# Padded snowboarding pants or impact shorts or both?



## ardrian (Jan 23, 2020)

I want to begin snowboarding and it is hard for me to decide what snowboarding pants to buy and if it makes sense with impact shorts or not?

I wonder what is better, snowboarding padded pants (as outer layer) or snowboarding non padded pants (also as outer layer) and impact shorts under them? Should I buy both?

Because the outer snowboarding padded pants are generously padded at knees and buttocks I wonder does it still makes sense to be used them with impact shorts as both have padding in the buttocks.

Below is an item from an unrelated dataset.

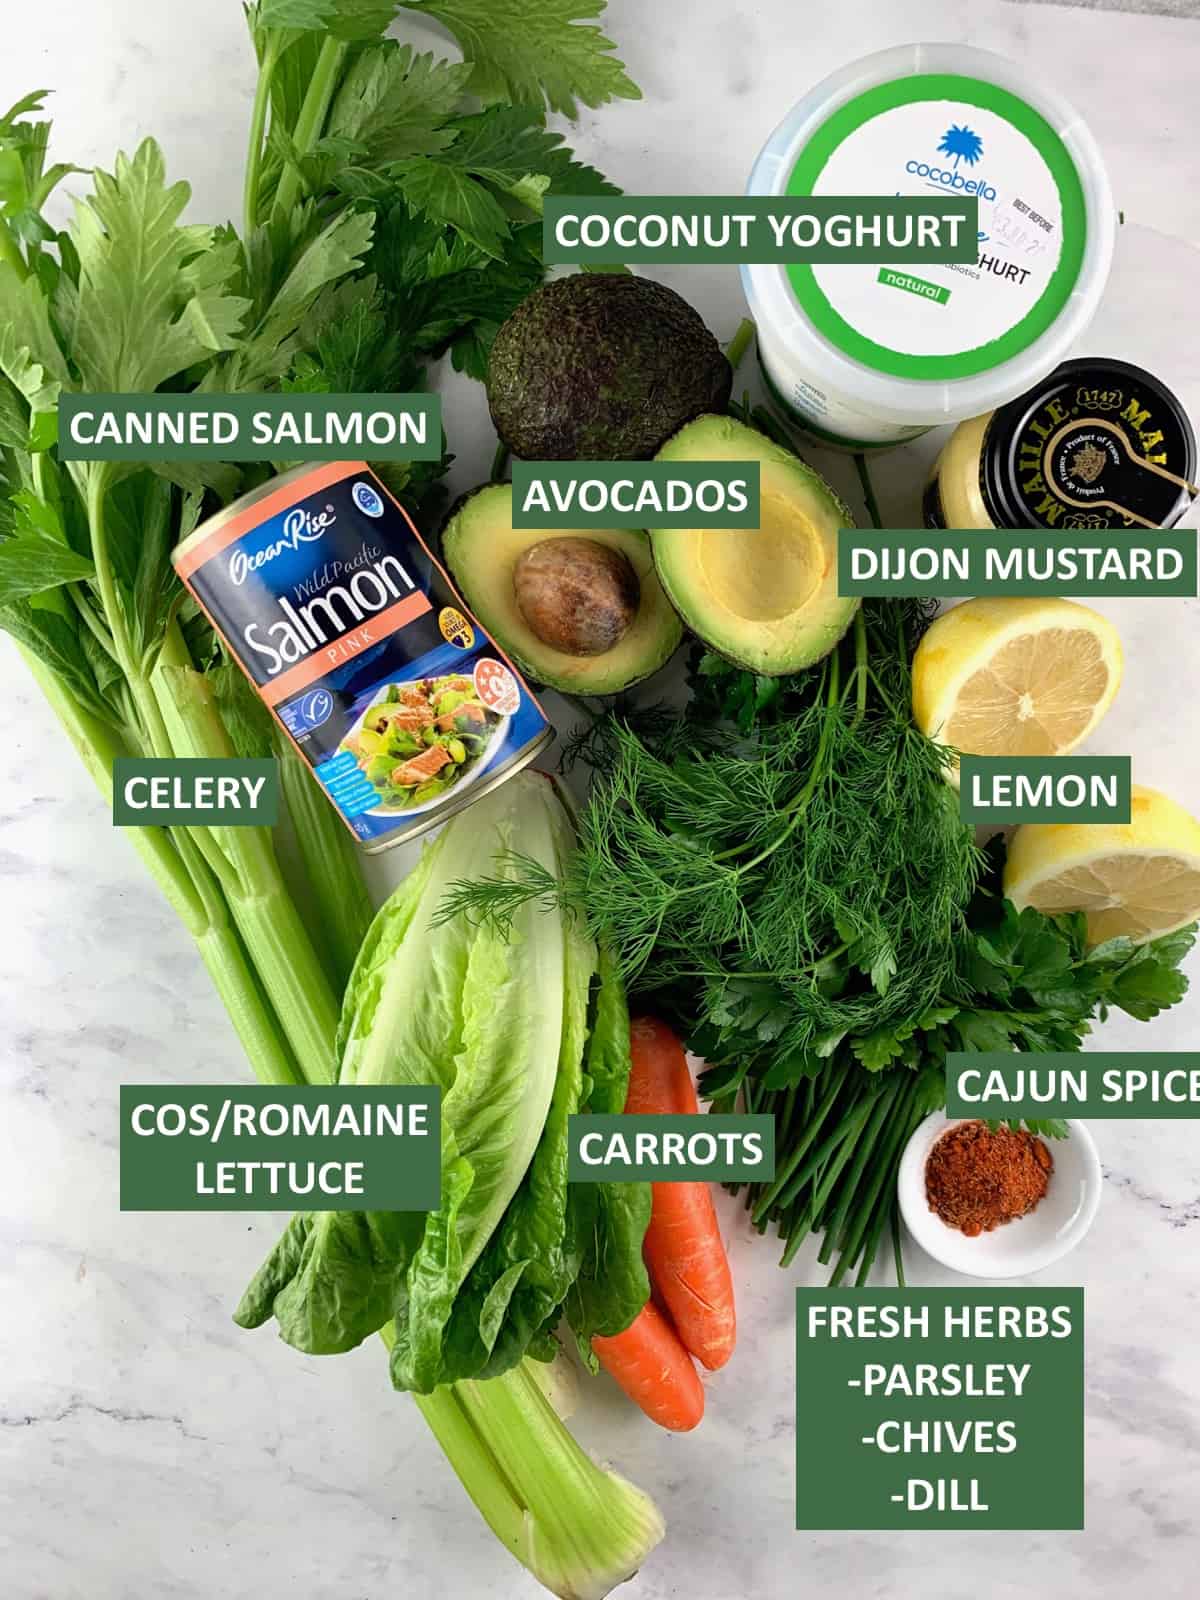 INGREDIENTS FOR CANNED SALMON SALAD WITH TEXT

Padding over padding does it makes sense?

Also I wonder why most people use impact shorts while there are now padded snowboarding pants that include everything that impact shorts have? Are snowboarding padded pants not reliable enough? What you would recommend me to buy?


----------



## lab49232 (Sep 13, 2011)

Actually most people don't use either. But definitely no need to double up. If you really wanna avoid the aches and falls that teach you not to do that again just pick one and go with it.


----------



## bazman (Jan 15, 2017)

I think for beginners it's good to protect your knees as well as tailbone, so the padded pants would be a good option. If you get those you don't need impact shorts as well


----------



## Radialhead (Jan 3, 2018)

Impact shorts all day long. That first heel-edge catch can leave you in pain for months. I was away with three friends last week, two of whom were in a lot of pain by the second half of the week after landing hard on their arses (it was really icy). One of them was a beginner, the other a very experienced shop owner, so it can happen at any level with a bit of bad luck. Get wrist guards too. And if your livelihood depends on your health, body armour like the Demon FlexForce X D30 top. My beginner friend badly bruised his ribs last week too - more unnecessary pain.


----------



## ardrian (Jan 23, 2020)

Radialhead said:


> Impact shorts all day long. That first heel-edge catch can leave you in pain for months. I was away with three friends last week, two of whom were in a lot of pain by the second half of the week after landing hard on their arses (it was really icy). One of them was a beginner, the other a very experienced shop owner, so it can happen at any level with a bit of bad luck. Get wrist guards too. And if your livelihood depends on your health, body armour like the Demon FlexForce X D30 top. My beginner friend badly bruised his ribs last week too - more unnecessary pain.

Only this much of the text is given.